Ukraine:
A Real Knockout (cont.)
“I don’t know.”
“Thanks.”
“How about Harvest Moon.”
She sang Harvest Moon. I joined
in on the chorus.” When that ended we sang “Bicycle
Built for Two” and “The Streets of New York.”
As we sang we held Luba’s arms and
turned around in a circle. Luba smiled and followed
along but again she didn’t seem to really get into
it. Halfway through the third rendition of “The Streets
of New York,” Luba’s eyes rolled back into her head.
I had never actually seen that happen in real life,
but here it was.
And then she fell backward.
I caught her and pressed my head
to her chest to make sure she was alive. She snored
lightly.
“She’s asleep!”
“She’s so comfortable with us she’s
sleeping.”
Sherry was not sure. But I was.
I felt myself grinning widely. We took turns holding
her while she slept.

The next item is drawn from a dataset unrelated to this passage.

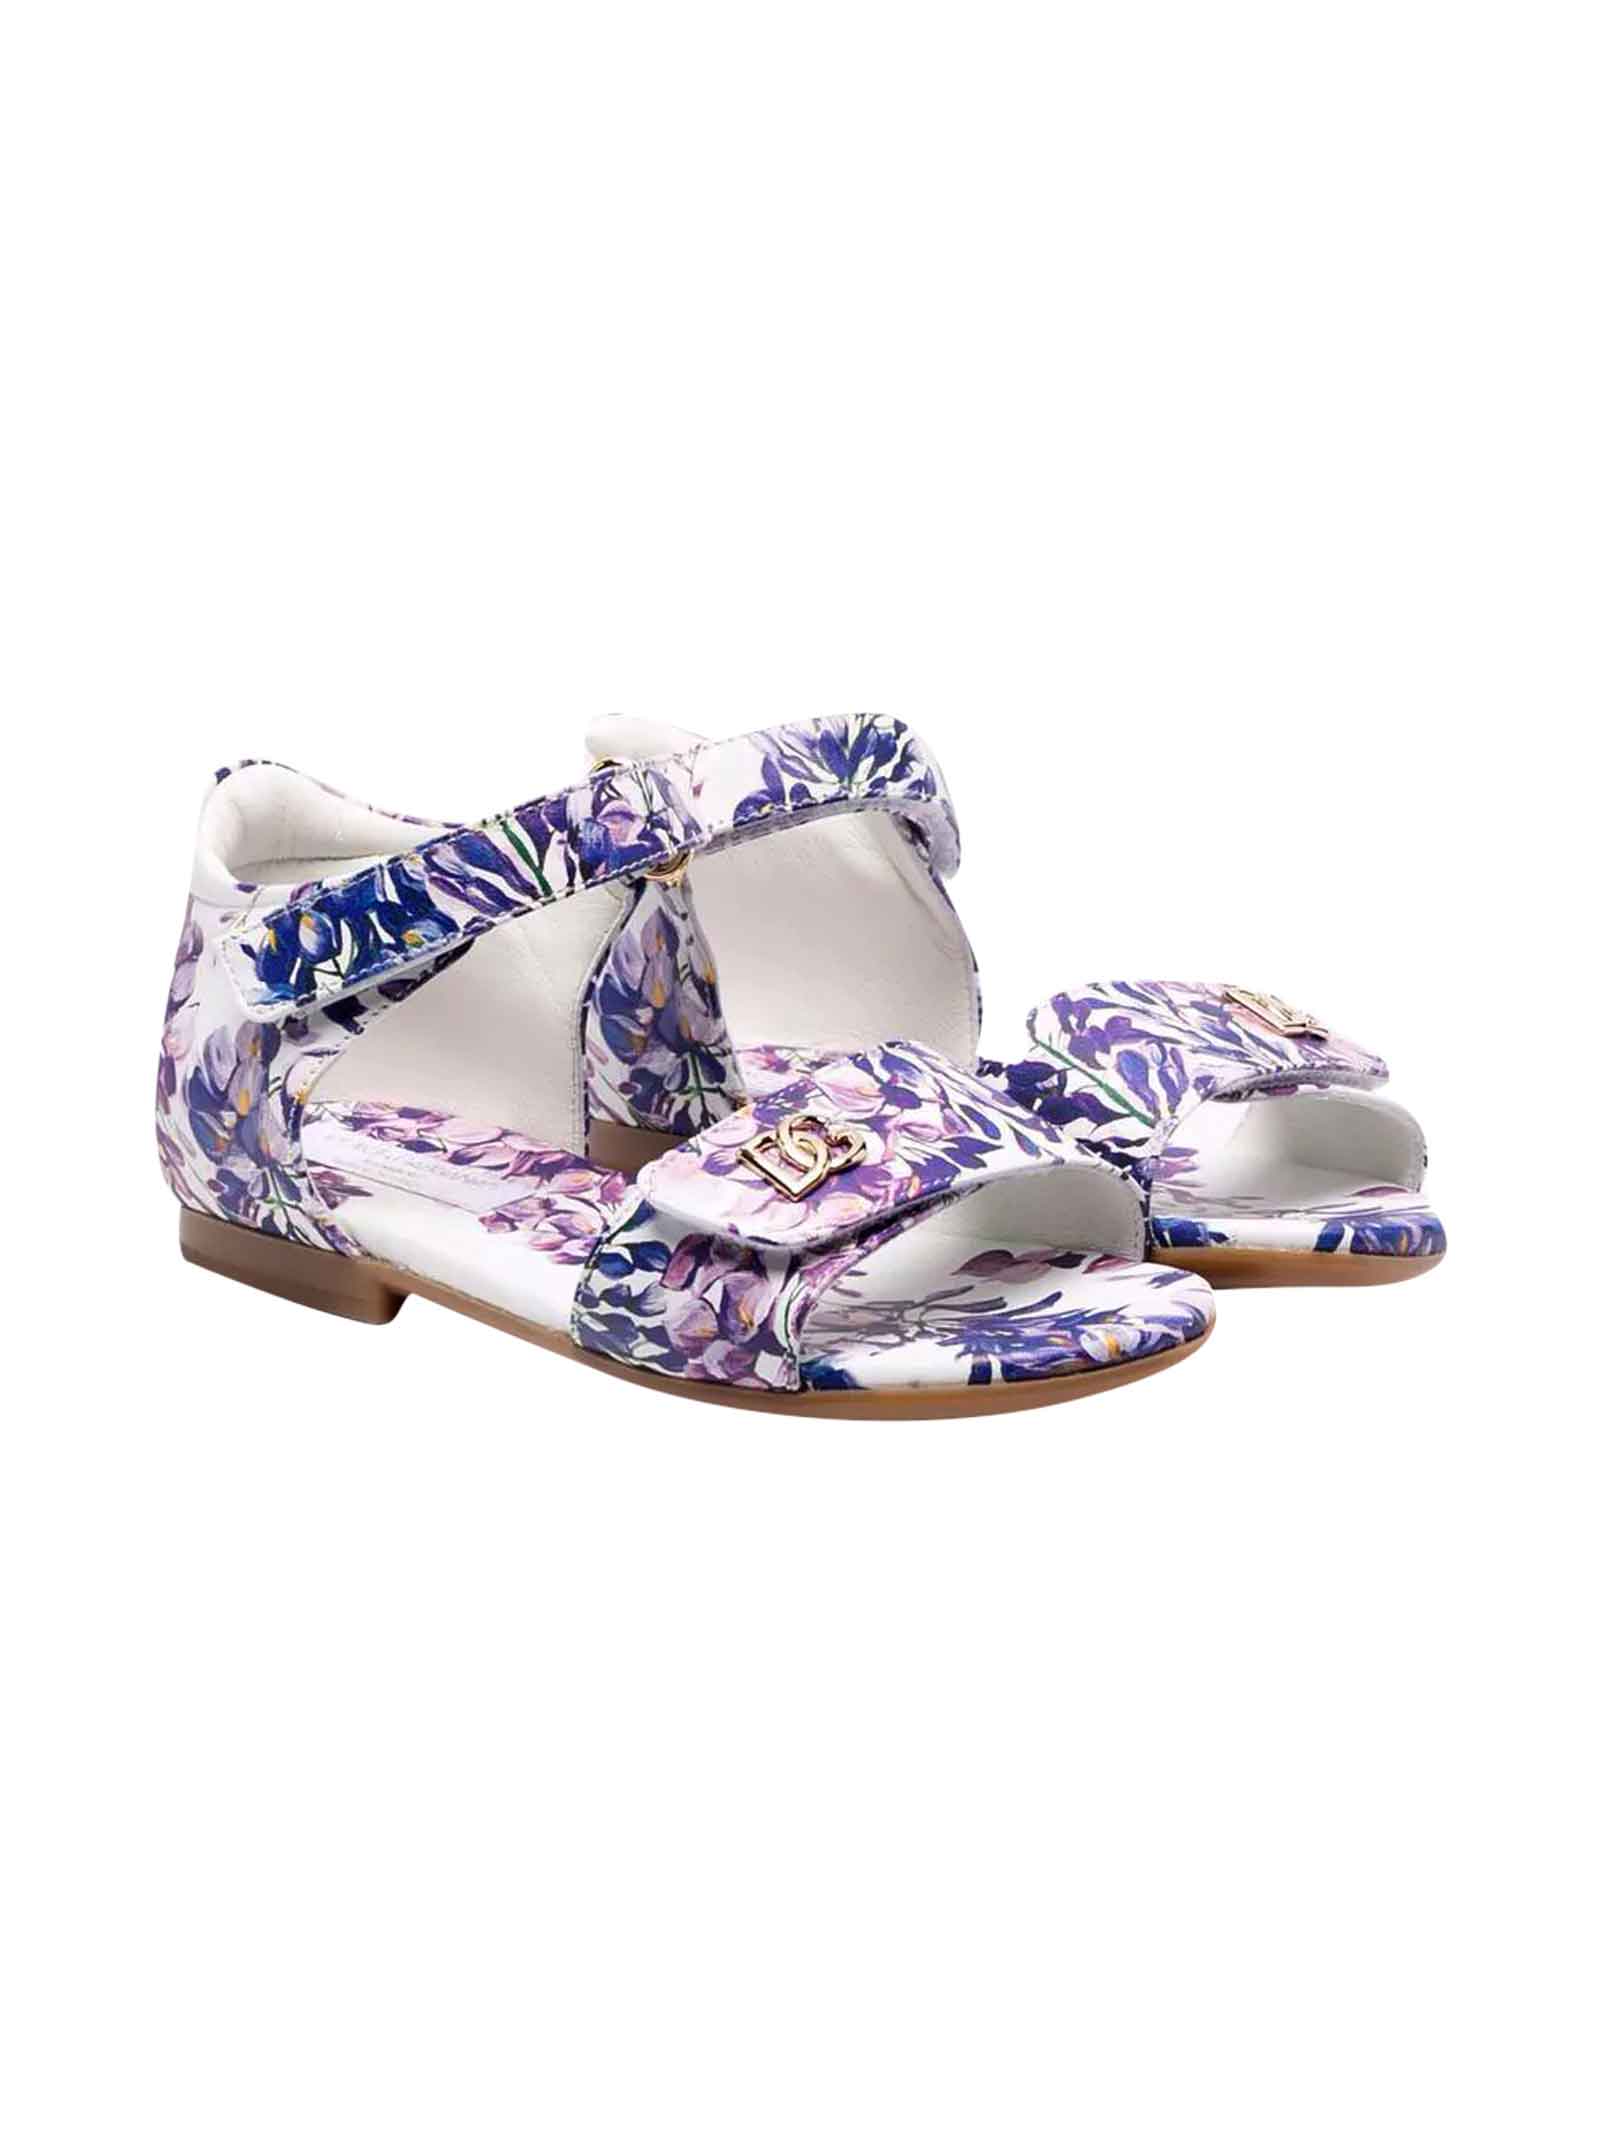 Dolce & Gabbana Floral Sandals

As I held her I felt a sun rising
in my chest. Nothing felt more comfortable in the
world than holding this child. Sherry took a picture
of me while I held Luba and it is true I do have a
wide grin on my face. I can’t look at that picture
anymore, without feeling a stab.
Three days into the adoption process
we dropped by an internet café to send photos
of Luba to our friends. We had e-mailed both doctors
and both doctors had failed to reply. I knew that
we had e-mailed them on the weekend, but surely they
opened their email on Saturdays or Sundays. Evidently
not.
We stopped into the very modern
looking one we always went to, the one along the main
shopping district. It was a very stainless steel and
glass kind of place, with an adjacent coffee shop,
and lots of new computers that would have gleamed
if they weren’t so dusty.
I gave the college age woman behind
the counter enough cash to rent a machine for an hour
and we chose one far from the front door. Then I went
over the coffee shop with Irina to get drinks. Irina
stayed in the shop while I carried my tea and Sherry’s
coffee to her at the terminal.
I joined Sherry, set her cup down
carefully, and was sipping my tea when Sherry gasped,
“Oh, no.” I turned to the computer, thinking it had
crashed again. Ukrainian computers crashed even more
often than American ones did.
On the screen was an email from
the Orphan Doctor. The day before we had sent her
the information about Luba, her height, her weight,
her head size. I will never forget the chill that
shot through me as I read.
“I have looked at the e-mail materials
that you sent on 5/18. She is microcephalic, which
has a poor prognosis for future normal development.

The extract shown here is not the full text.